Через несколько лет, отмечая годовщину со дня смерти Льва Лунца, писателя, о котором я еще расскажу, он обратился к нему с письмом о друзьях, о литературе:
«Вы, с Вашим умением понимать людей и книги, знали, что литературная культура весела и легка, что она не «традиция», не приличие, а понимание и умение делать вещи нужные и веселые. Это потому, что Вы были настоящий литератор. Вы много знали, мой дорогой, мой легкий друг, и в первую очередь знали, что «классики» — это не книги в переплетах и в книжном шкафу, и что они не всегда были классиками, а книжный шкаф существовал раньше их. Вы знали секрет, как ломать книжные шкафы и срывать переплеты. Это было веселое дело, и каждый раз культура оказывалась менее «культурной», чем любой самоучка, менее традиционной и, главное, гораздо более, веселой…»
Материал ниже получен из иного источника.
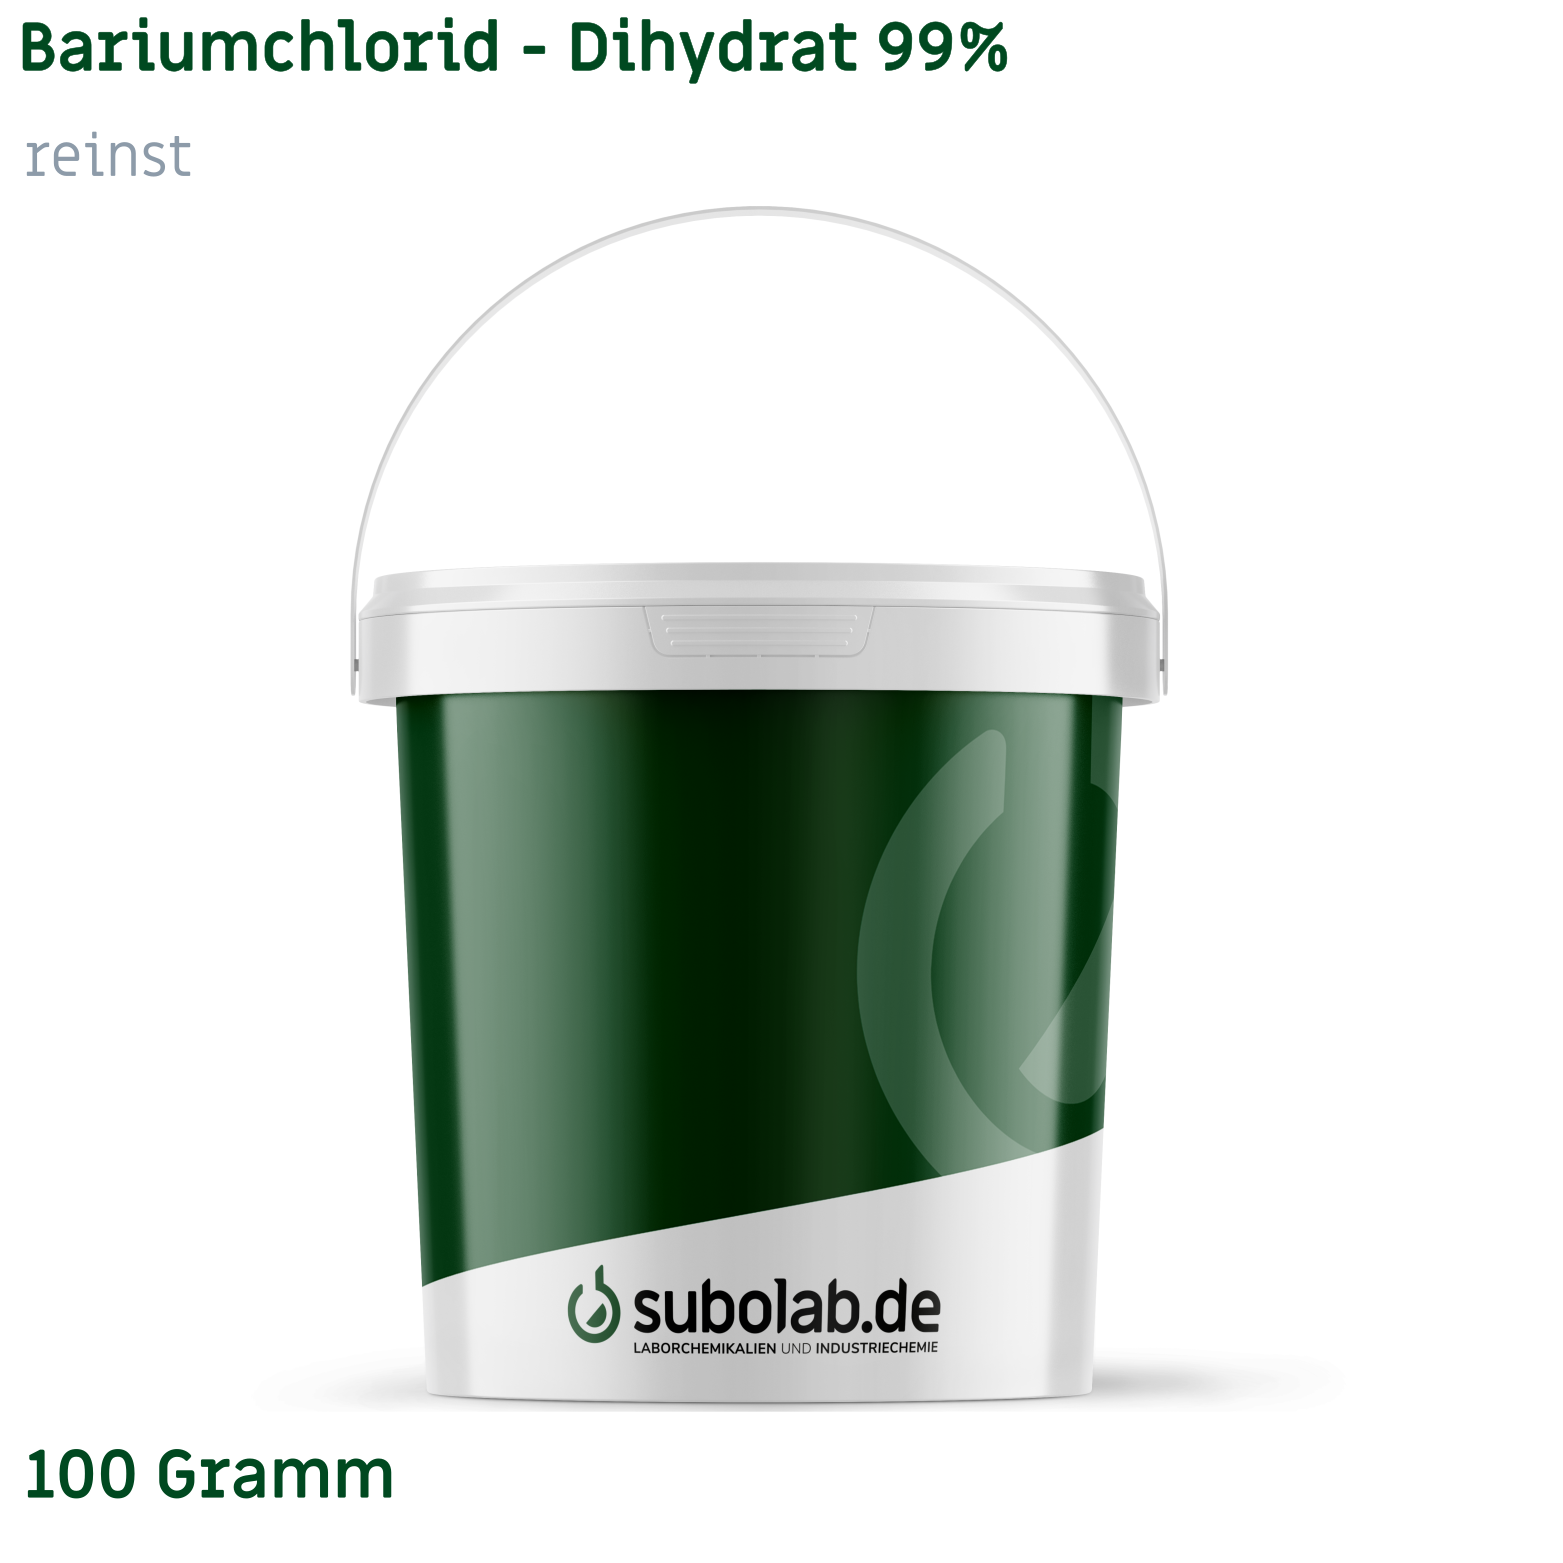 Bild von Bariumchlorid - Dihydrat 99% reinst (100 Gramm)
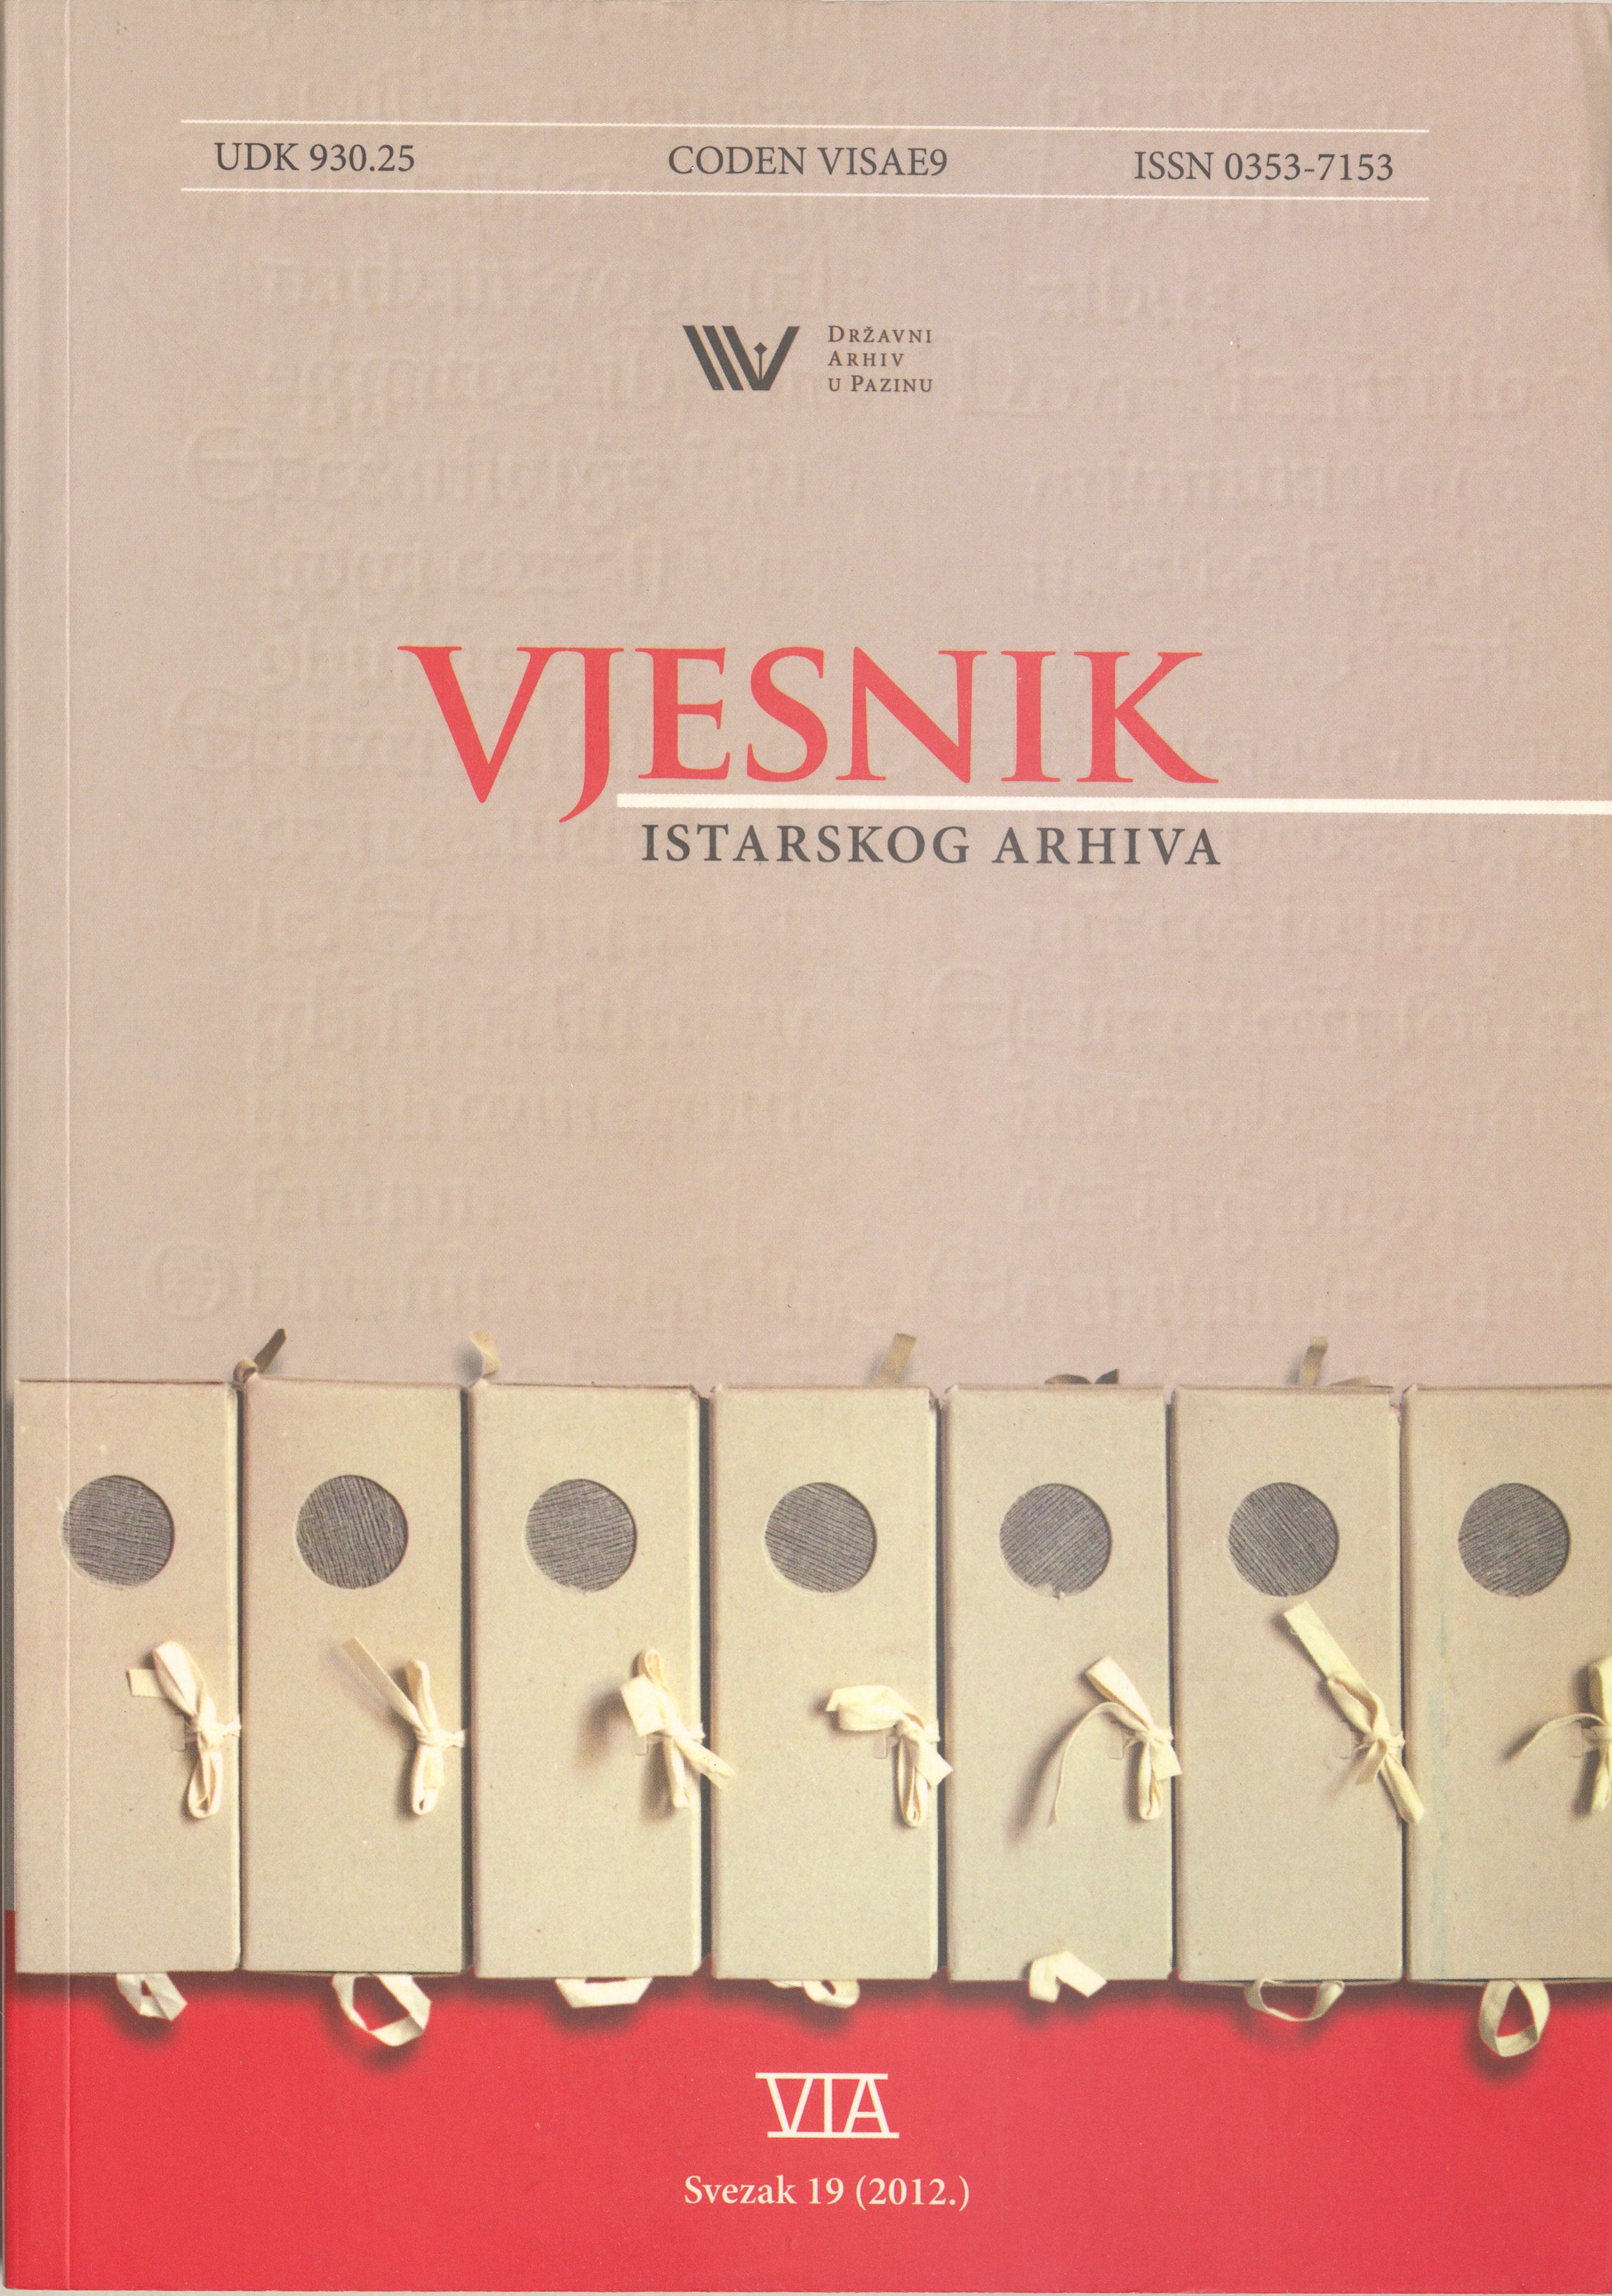 					Visualizza Vjesnik istarskog arhiva sv. 19 (2012.)

Это и была «антишкола», которую я проходил под его руководством.
3
За ужином, который мало отличался от московских — Лена не хуже матери умела готовить оладьи на пережаренной с луком касторке, — Юрий рассказывал а своем французском отделе. Ему нравилась работа в Коминтерне. Хотя и косвенно, со стороны, она позволяла ему наблюдать охватившее пол-Европы революционное движение. Он видел, слышал, а вечерами изображал крупных деятелей этого движения — Марселя Кашена, например, с его моржовыми усами. Немногие сослуживцы — люди скучноватые, но приятные — любили его, а «наверху» знали и умели ценить его необычайный лингвистический дар. Это началось с какого-то существенного письма на одном из сербскохорватских диалектов. Необходимо было срочно ответить, и Юрий перевел письмо, возведя каждое слово к его корневому значению.
Помню, как, рассказывая об этом, он очень живо изобразил хихикающего от восторга сослуживца — и вдруг задумался, вскочил и побежал в кабинет. Я с недоумением посмотрел на сестру. Она засмеялась:
— Придумал что-нибудь. Сейчас вернется.
Но Юрий вернулся только минут через пятнадцать, да и то когда Лена стала сердиться. Точно так же он вел себя за любым другим ужином, завтраком, обедом. Более того, он мог оторваться от любого разговора и, бросившись к письменному столу, записать мелькнувшую мысль.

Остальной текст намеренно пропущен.